From thomas.a.down at gmail.com Mon Mar 7 09:27:12 2011
From: thomas.a.down at gmail.com (Thomas Down)
Date: Mon, 7 Mar 2011 14:27:12 +0000
Subject: [DAS] Adjacent feature extension
In-Reply-To:
References:
<4CB1186B-D5F0-4750-A297-88538BB196B5@ebi.ac.uk>
<4796FEEA-3D6A-43A4-A76D-2212E2F690B6@ebi.ac.uk>
Message-ID:
On Mon, Mar 7, 2011 at 2:11 PM, Jonathan Warren wrote:
> In particular, I can foresee servers not interpreting the "type" filter
>> appropriately, being likely to process the adjacent query then apply the
>> type filter, which would be wrong. I have a feeling most sources implement
>> the type filter as a passive "post filter" rather than an active one. I can
>> tell you right now that it is going to be really quite difficult for me to
>> implement "adjacent" correctly for the ASTD gene/transcript/exon sources,
>> and I suspect the same will be true for retrofitting lots of other sources.
>>
> This is an optional capability though right?
>
That is definitely the intent of my proposal.

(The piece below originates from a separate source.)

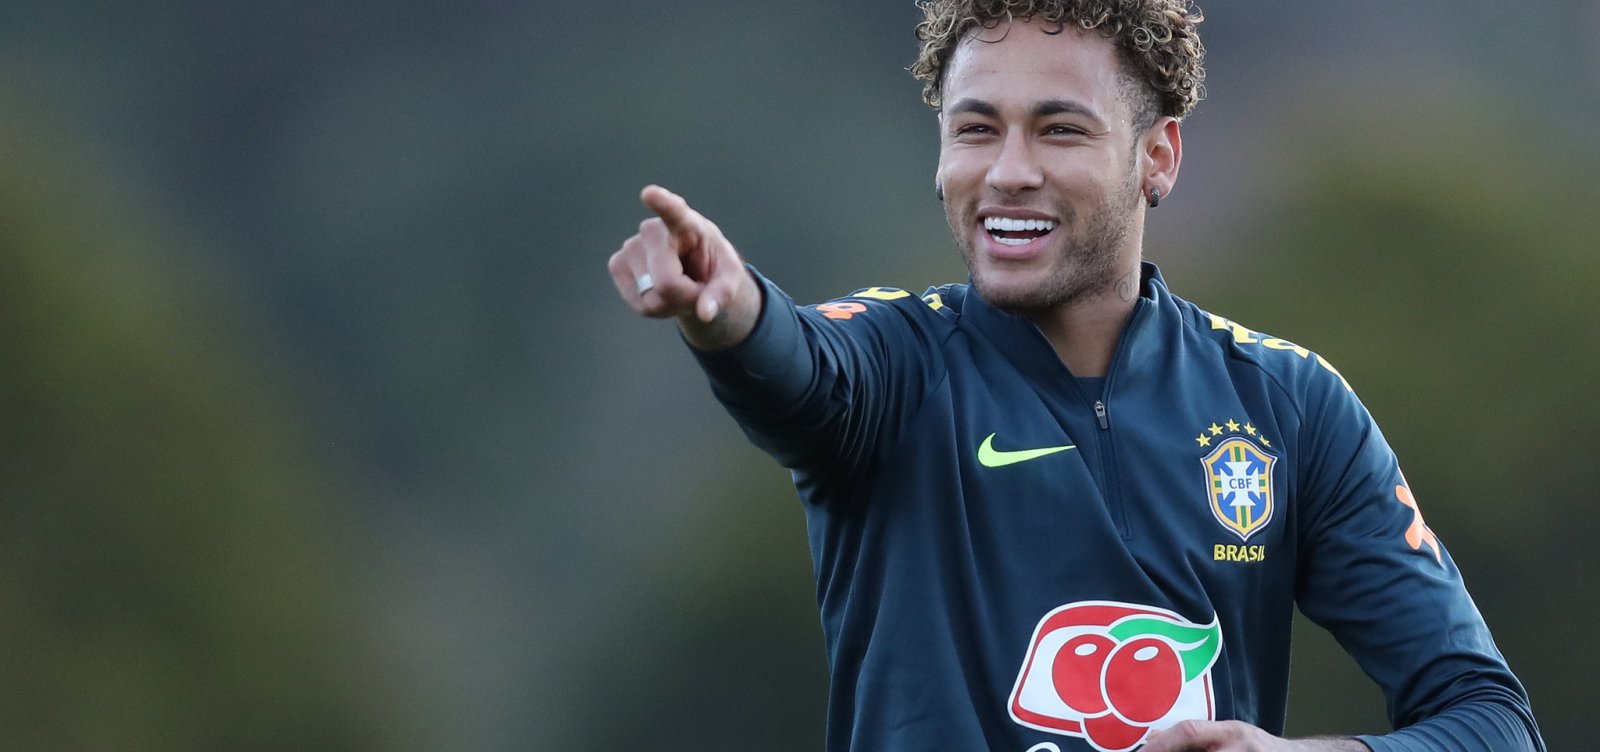 Seleção elogia preparação de Neymar, mas não garante atleta em amistosos

Even if this eventually gets rolled into the spec., my suggestion would be
to keep it optional (negotiated via a CAPABILITY).
Thomas.
From thomas.a.down at gmail.com Mon Mar 7 09:41:31 2011
From: thomas.a.down at gmail.com (Thomas Down)
Date: Mon, 7 Mar 2011 14:41:31 +0000
Subject: [DAS] Locations between bases
Message-ID:
The day has come when I find I need to be able to distinguish between a
feature which actually *covers* one or a small number of bases (e.g. a SNP)
and a feature which refers to a point between two bases (e.g. an
insertion). Have any other DAS folk dealt with this before, and if so how?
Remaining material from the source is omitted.